Thread: DBT-5 Stored Procedure Development (2022)

DBT-5 Stored Procedure Development (2022)

From
Mahesh Gouru
Date:
Dear all,

Please review the attached for my jerry-rigged project proposal. I am seeking to continually refactor the proposal as I can!

Thanks,
Mahesh

Attachment

Re: DBT-5 Stored Procedure Development (2022)

From
Peter Geoghegan
Date:
On Tue, Apr 19, 2022 at 11:02 AM Mahesh Gouru <mahesh.gouru@gmail.com> wrote:
> Please review the attached for my jerry-rigged project proposal. I am seeking to continually refactor the proposal as
Ican!
 

I for one see a lot of value in this proposal. I think it would be
great to revive DBT-5, since TPC-E has a number of interesting
bottlenecks that we'd likely learn something from. It's particularly
good at stressing concurrency control, which TPC-C really doesn't do.
It's also a lot easier to run smaller benchmarks that don't require
lots of storage space, but are nevertheless correct according to the
spec.

-- 
Peter Geoghegan



Re: DBT-5 Stored Procedure Development (2022)

From
Mark Wong
Date:
Hi Mahesh,

On Tue, Apr 19, 2022 at 02:01:54PM -0400, Mahesh Gouru wrote:
> Dear all,
> 
> Please review the attached for my jerry-rigged project proposal. I am
> seeking to continually refactor the proposal as I can!

My comments might briefer that they should be, but I need to write this
quickly.  :)

* The 4 steps in the description aren't needed, they already exist.
* May 20: I think this should be more about reviewing the TPC-E
  specification rather than industry research, as we want to try to
  follow specification guidelines.
* June 20: Random data generation and scaling are provided by and
  already defined by the spec
* Aug 01: A report generator already exists, but I think time could be
  allocated to redoing the raw HTML generation with something like
  reStructuredText, something that is easier to generate with scripts
  and convertible into other formats with other tools

As some of tasks proposed are actually in place, one other task could be
updating egen (the TPC supplied code.)  The kit was last developed again
1.12 and 1.14 is current as this email.

Regards,
Mark



Re: DBT-5 Stored Procedure Development (2022)

From
Peter Geoghegan
Date:
On Tue, Apr 19, 2022 at 11:31 AM Mark Wong <markwkm@gmail.com> wrote:
> As some of tasks proposed are actually in place, one other task could be
> updating egen (the TPC supplied code.)  The kit was last developed again
> 1.12 and 1.14 is current as this email.

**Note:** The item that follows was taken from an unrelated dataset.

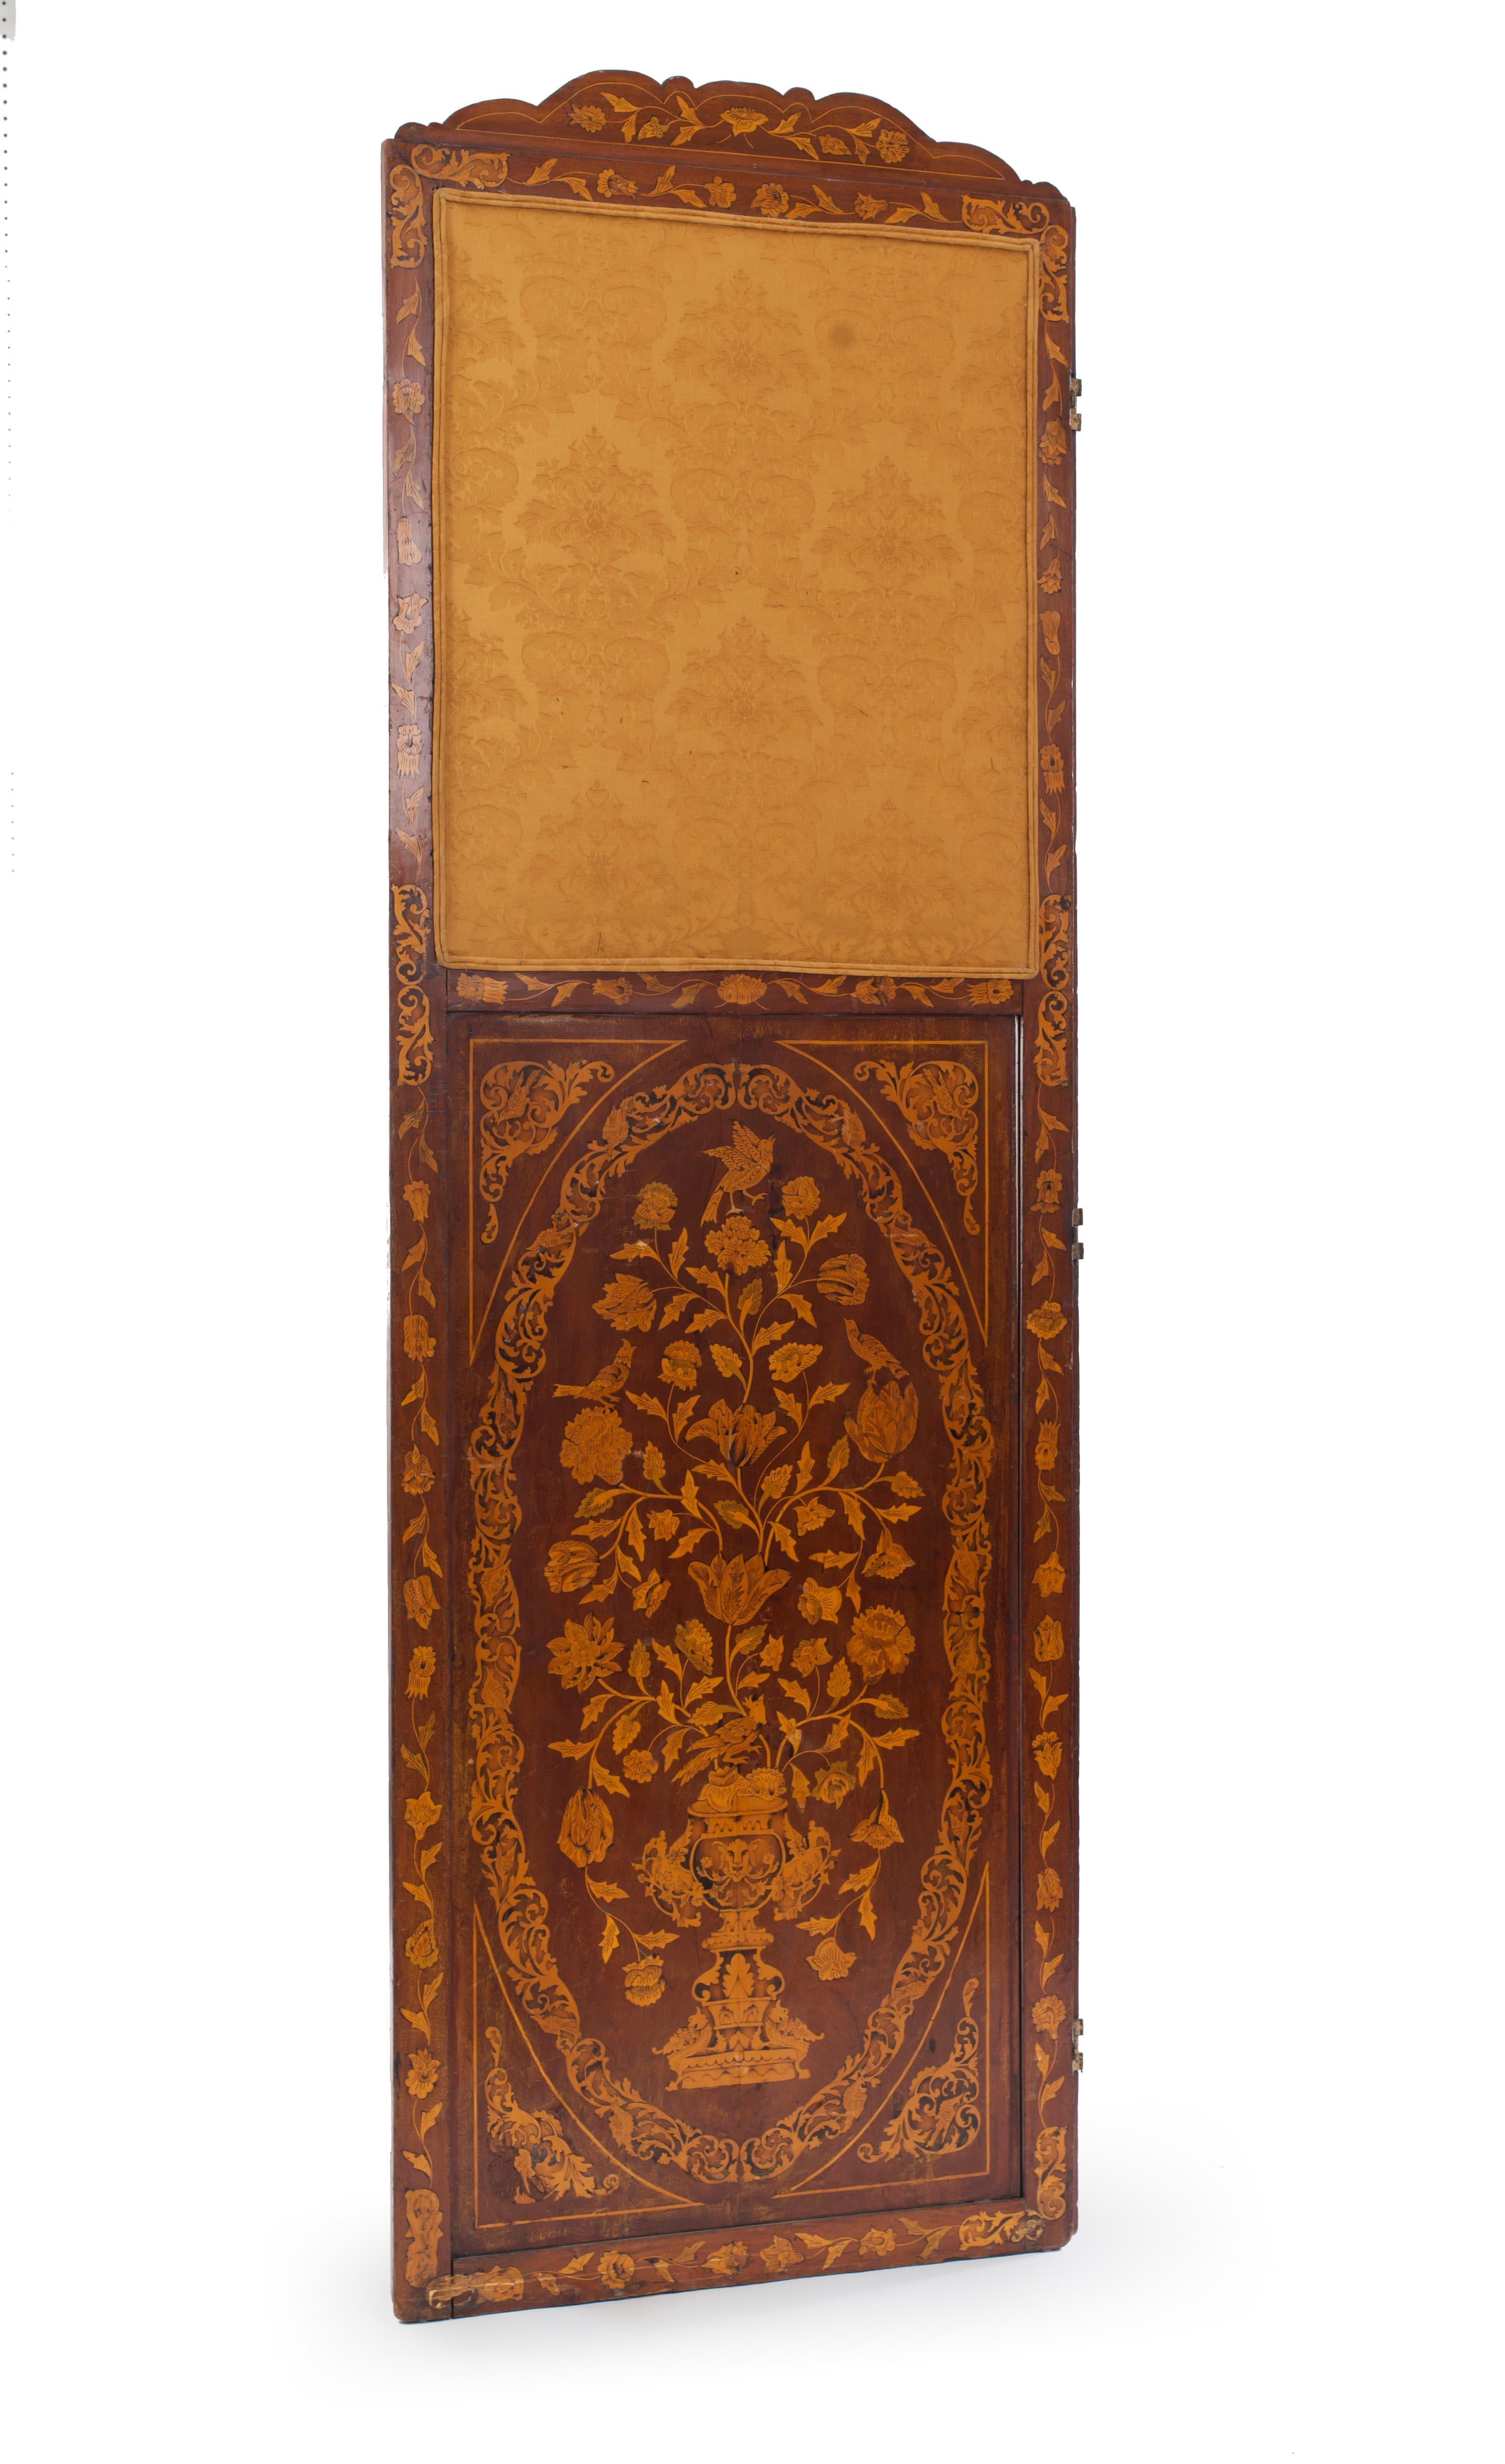 Continental Dutch style (19th century) mahogany and inlaid marquetry 4 fold screen with upholstered top panel with shaped crest at top.
     

As you know, I have had some false starts with using DBT5 on a modern
Linux distribution. Perhaps I gave up too easily at the time, but I'm
definitely still interested. Has there been work on that since?

Thanks
-- 
Peter Geoghegan



Re: DBT-5 Stored Procedure Development (2022)

From
Mark Wong
Date:
On Tue, Apr 19, 2022 at 05:20:50PM -0700, Peter Geoghegan wrote:
> On Tue, Apr 19, 2022 at 11:31 AM Mark Wong <markwkm@gmail.com> wrote:
> > As some of tasks proposed are actually in place, one other task could be
> > updating egen (the TPC supplied code.)  The kit was last developed again
> > 1.12 and 1.14 is current as this email.
> 
> As you know, I have had some false starts with using DBT5 on a modern
> Linux distribution. Perhaps I gave up too easily at the time, but I'm
> definitely still interested. Has there been work on that since?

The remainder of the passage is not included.